Data supplied
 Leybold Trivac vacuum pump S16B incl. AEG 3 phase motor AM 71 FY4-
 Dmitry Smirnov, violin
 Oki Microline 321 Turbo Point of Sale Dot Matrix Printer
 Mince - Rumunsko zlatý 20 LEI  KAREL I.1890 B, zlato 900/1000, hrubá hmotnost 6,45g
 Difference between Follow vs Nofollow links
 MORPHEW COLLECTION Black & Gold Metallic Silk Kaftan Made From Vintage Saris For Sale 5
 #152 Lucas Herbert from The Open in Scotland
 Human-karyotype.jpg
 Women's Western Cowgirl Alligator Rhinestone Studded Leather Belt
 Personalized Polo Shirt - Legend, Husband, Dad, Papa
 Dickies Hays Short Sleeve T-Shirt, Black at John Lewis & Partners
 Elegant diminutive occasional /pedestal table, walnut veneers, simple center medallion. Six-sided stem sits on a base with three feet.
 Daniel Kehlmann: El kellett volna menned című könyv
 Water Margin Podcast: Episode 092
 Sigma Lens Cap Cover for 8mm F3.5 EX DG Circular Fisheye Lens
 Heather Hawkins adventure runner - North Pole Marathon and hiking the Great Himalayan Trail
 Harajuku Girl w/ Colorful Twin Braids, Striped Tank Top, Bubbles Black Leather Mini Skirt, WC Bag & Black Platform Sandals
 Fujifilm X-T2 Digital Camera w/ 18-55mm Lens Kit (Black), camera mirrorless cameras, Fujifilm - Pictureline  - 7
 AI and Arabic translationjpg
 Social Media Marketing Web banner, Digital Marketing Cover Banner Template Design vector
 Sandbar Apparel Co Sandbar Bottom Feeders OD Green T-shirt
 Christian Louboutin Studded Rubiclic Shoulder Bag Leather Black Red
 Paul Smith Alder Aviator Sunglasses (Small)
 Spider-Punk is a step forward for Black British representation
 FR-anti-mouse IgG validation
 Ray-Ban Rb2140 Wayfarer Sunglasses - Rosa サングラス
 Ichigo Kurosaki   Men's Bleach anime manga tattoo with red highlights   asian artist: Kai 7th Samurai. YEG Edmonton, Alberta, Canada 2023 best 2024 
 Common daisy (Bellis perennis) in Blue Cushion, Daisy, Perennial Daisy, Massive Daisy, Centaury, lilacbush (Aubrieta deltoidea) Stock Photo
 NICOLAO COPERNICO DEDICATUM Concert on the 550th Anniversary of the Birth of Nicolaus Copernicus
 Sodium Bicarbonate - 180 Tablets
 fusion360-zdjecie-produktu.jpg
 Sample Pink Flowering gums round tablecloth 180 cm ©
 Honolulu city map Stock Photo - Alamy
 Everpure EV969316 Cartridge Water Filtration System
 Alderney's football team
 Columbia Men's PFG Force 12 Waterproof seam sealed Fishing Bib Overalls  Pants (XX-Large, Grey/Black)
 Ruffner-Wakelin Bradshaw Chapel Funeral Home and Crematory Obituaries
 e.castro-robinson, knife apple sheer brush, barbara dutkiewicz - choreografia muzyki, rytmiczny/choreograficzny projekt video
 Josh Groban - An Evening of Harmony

Assignment
A full, exact repeat of the entries above is required.

Exercise solution
 Leybold Trivac vacuum pump S16B incl. AEG 3 phase motor AM 71 FY4-
 Dmitry Smirnov, violin
 Oki Microline 321 Turbo Point of Sale Dot Matrix Printer
 Mince - Rumunsko zlatý 20 LEI  KAREL I.1890 B, zlato 900/1000, hrubá hmotnost 6,45g
 Difference between Follow vs Nofollow links
 MORPHEW COLLECTION Black & Gold Metallic Silk Kaftan Made From Vintage Saris For Sale 5
 #152 Lucas Herbert from The Open in Scotland
 Human-karyotype.jpg
 Women's Western Cowgirl Alligator Rhinestone Studded Leather Belt
 Personalized Polo Shirt - Legend, Husband, Dad, Papa
 Dickies Hays Short Sleeve T-Shirt, Black at John Lewis & Partners
 Elegant diminutive occasional /pedestal table, walnut veneers, simple center medallion. Six-sided stem sits on a base with three feet.
 Daniel Kehlmann: El kellett volna menned című könyv
 Water Margin Podcast: Episode 092
 Sigma Lens Cap Cover for 8mm F3.5 EX DG Circular Fisheye Lens
 Heather Hawkins adventure runner - North Pole Marathon and hiking the Great Himalayan Trail
 Harajuku Girl w/ Colorful Twin Braids, Striped Tank Top, Bubbles Black Leather Mini Skirt, WC Bag & Black Platform Sandals
 Fujifilm X-T2 Digital Camera w/ 18-55mm Lens Kit (Black), camera mirrorless cameras, Fujifilm - Pictureline  - 7
 AI and Arabic translationjpg
 Social Media Marketing Web banner, Digital Marketing Cover Banner Template Design vector
 Sandbar Apparel Co Sandbar Bottom Feeders OD Green T-shirt
 Christian Louboutin Studded Rubiclic Shoulder Bag Leather Black Red
 Paul Smith Alder Aviator Sunglasses (Small)
 Spider-Punk is a step forward for Black British representation
 FR-anti-mouse IgG validation
 Ray-Ban Rb2140 Wayfarer Sunglasses - Rosa サングラス
 Ichigo Kurosaki   Men's Bleach anime manga tattoo with red highlights   asian artist: Kai 7th Samurai. YEG Edmonton, Alberta, Canada 2023 best 2024 
 Common daisy (Bellis perennis) in Blue Cushion, Daisy, Perennial Daisy, Massive Daisy, Centaury, lilacbush (Aubrieta deltoidea) Stock Photo
 NICOLAO COPERNICO DEDICATUM Concert on the 550th Anniversary of the Birth of Nicolaus Copernicus
 Sodium Bicarbonate - 180 Tablets
 fusion360-zdjecie-produktu.jpg
 Sample Pink Flowering gums round tablecloth 180 cm ©
 Honolulu city map Stock Photo - Alamy
 Everpure EV969316 Cartridge Water Filtration System
 Alderney's football team
 Columbia Men's PFG Force 12 Waterproof seam sealed Fishing Bib Overalls  Pants (XX-Large, Grey/Black)
 Ruffner-Wakelin Bradshaw Chapel Funeral Home and Crematory Obituaries
 e.castro-robinson, knife apple sheer brush, barbara dutkiewicz - choreografia muzyki, rytmiczny/choreograficzny projekt video
 Josh Groban - An Evening of Harmony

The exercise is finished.